The answer is to be the lines below that lie between the line holding "Polly Pearl Sweater" and the line holding "Copper Fitting 3/4", inclusive, transcribed exactly and free of pictures.

- EXTRACTED ENTRIES -
#####
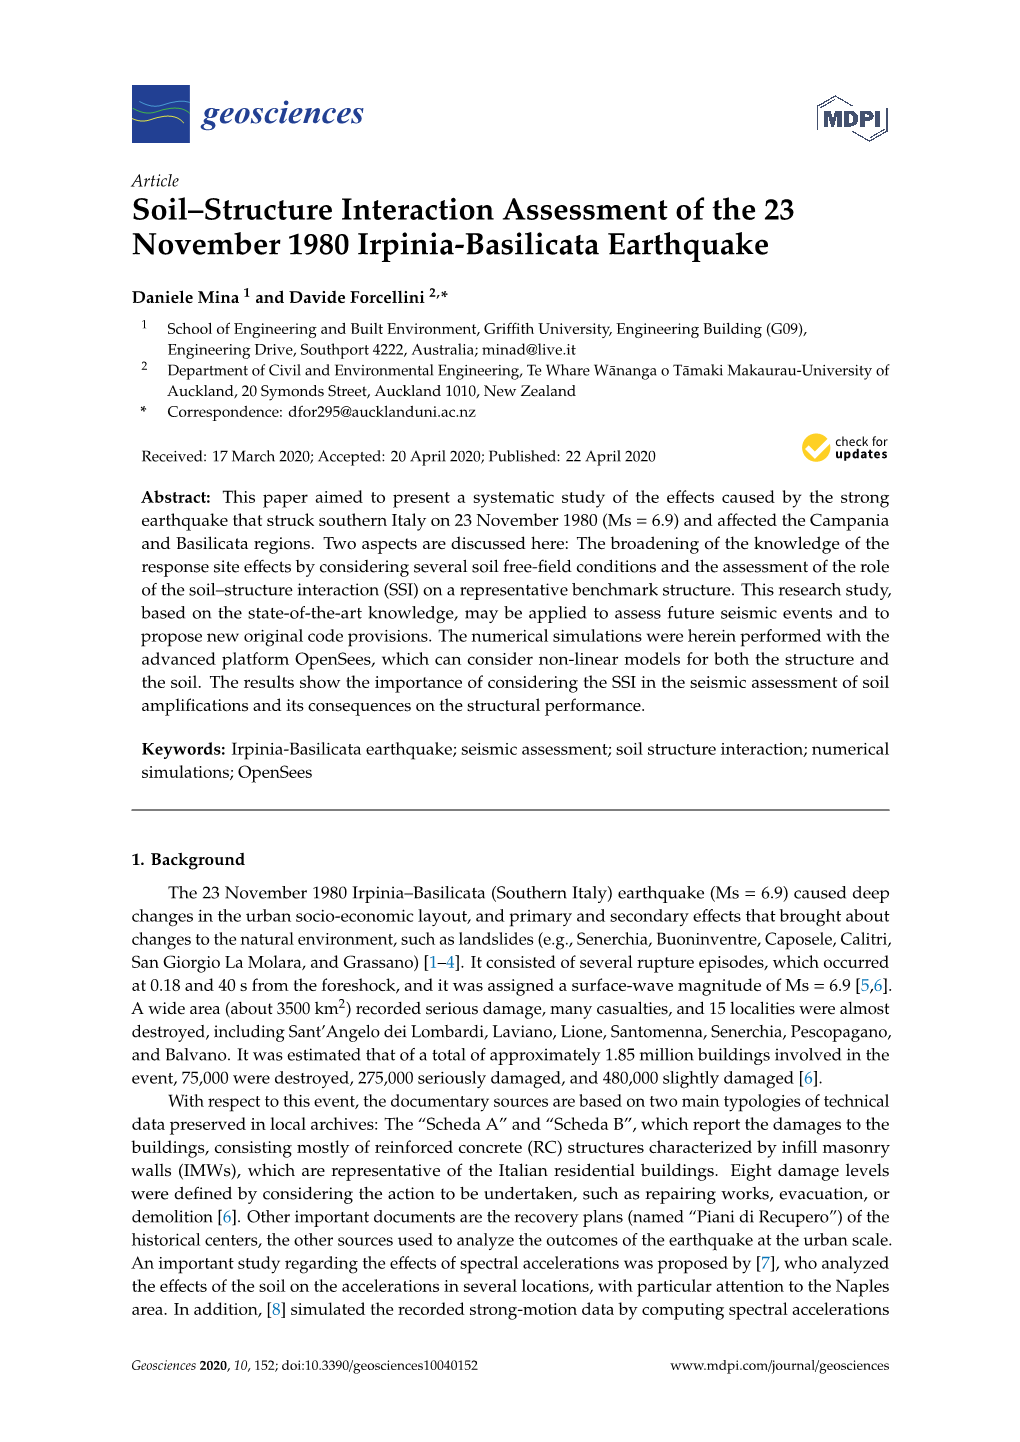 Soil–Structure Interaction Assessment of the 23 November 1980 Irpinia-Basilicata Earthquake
#####
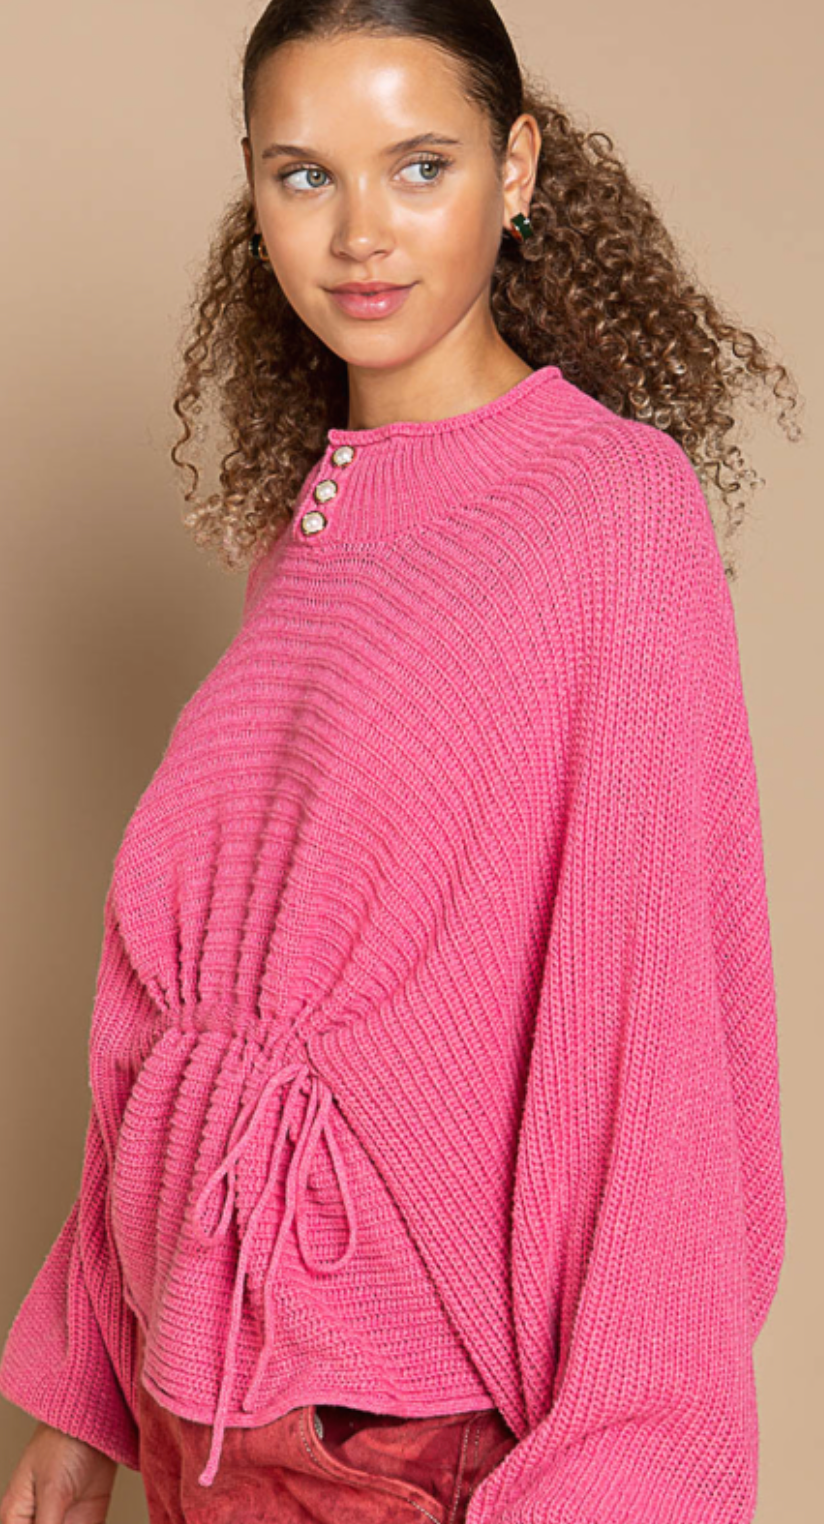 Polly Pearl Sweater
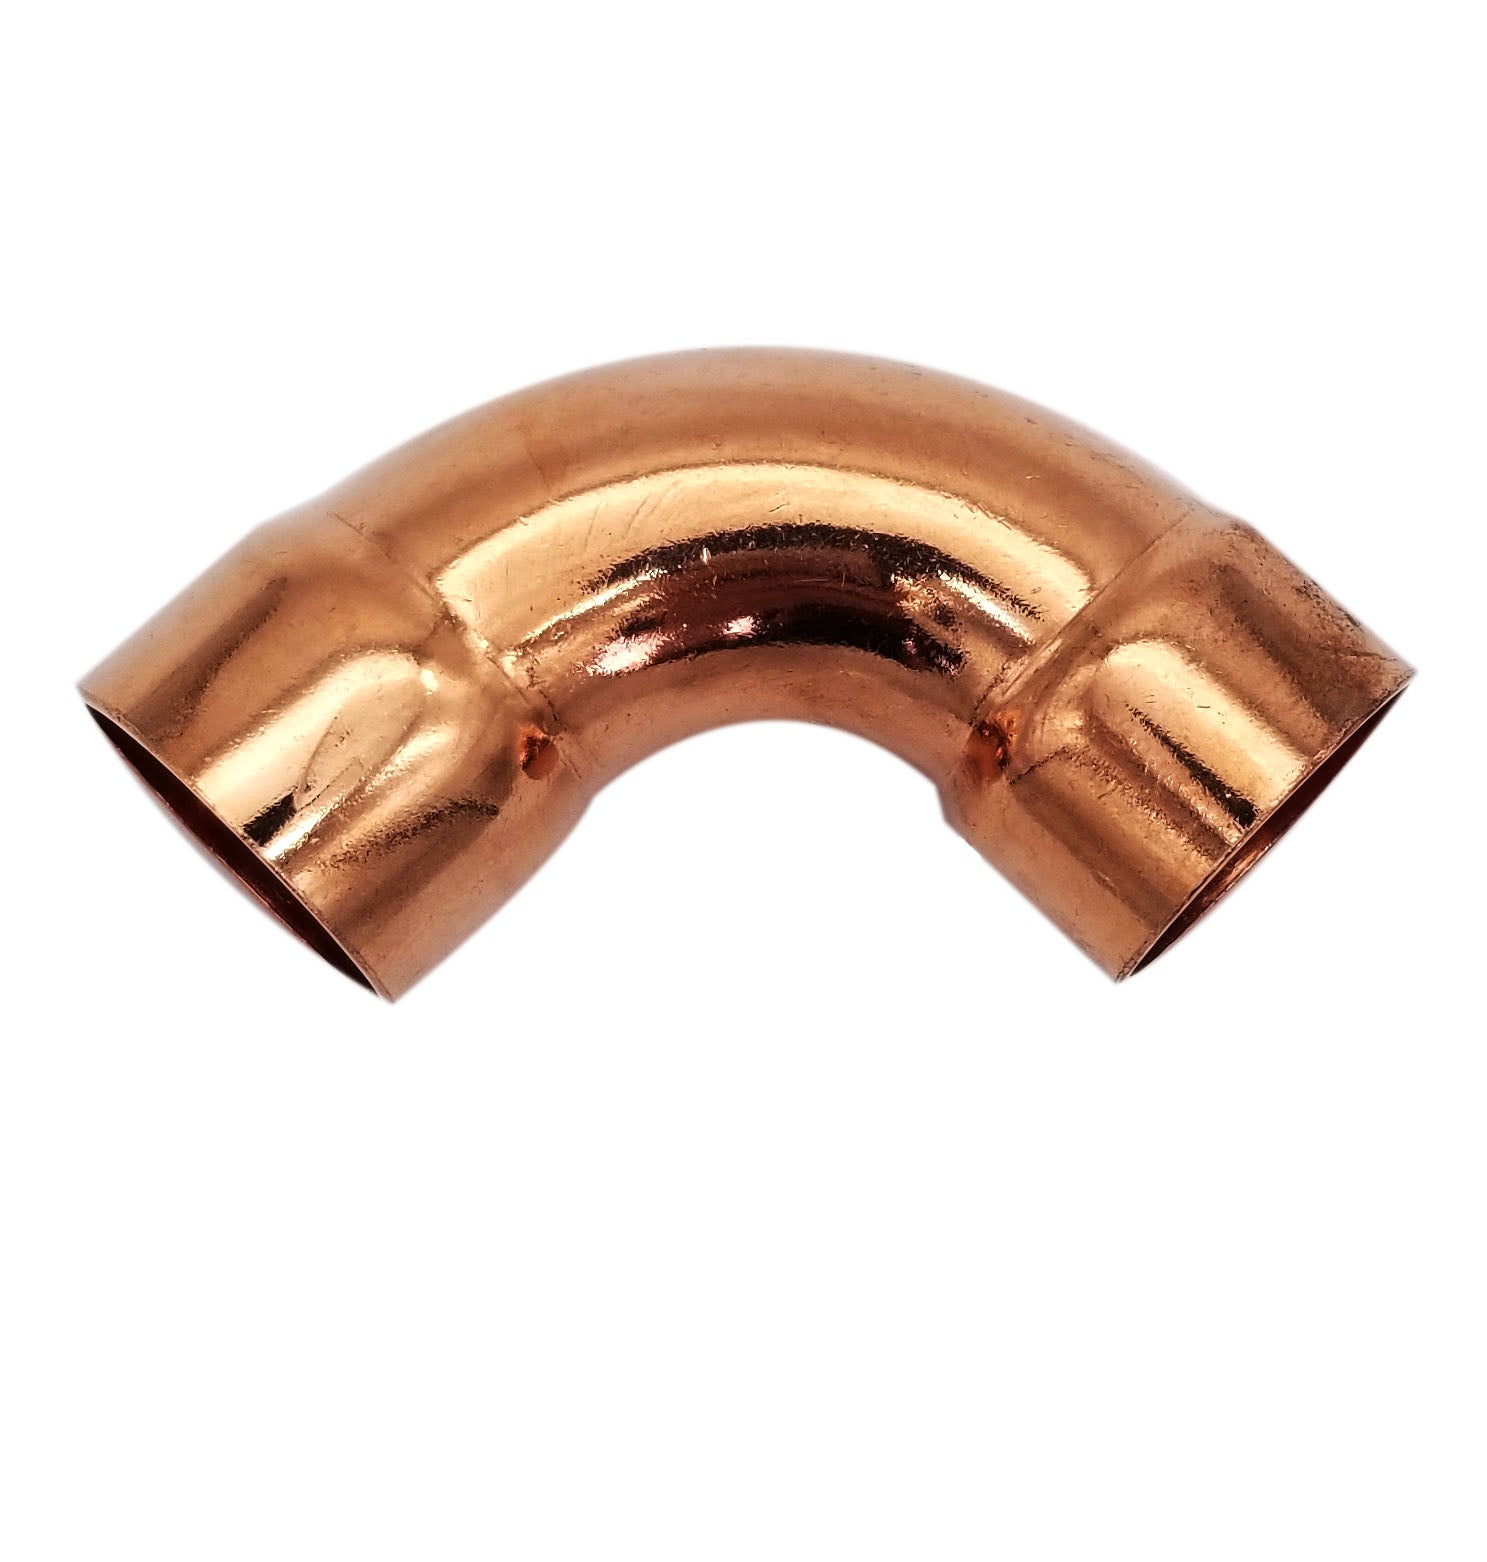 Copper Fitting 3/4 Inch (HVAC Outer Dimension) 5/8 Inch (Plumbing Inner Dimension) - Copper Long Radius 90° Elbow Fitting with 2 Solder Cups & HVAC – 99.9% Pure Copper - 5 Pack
#####
- ANSWER BELOW -
 Polly Pearl Sweater
 Copper Fitting 3/4 Inch (HVAC Outer Dimension) 5/8 Inch (Plumbing Inner Dimension) - Copper Long Radius 90° Elbow Fitting with 2 Solder Cups & HVAC – 99.9% Pure Copper - 5 Pack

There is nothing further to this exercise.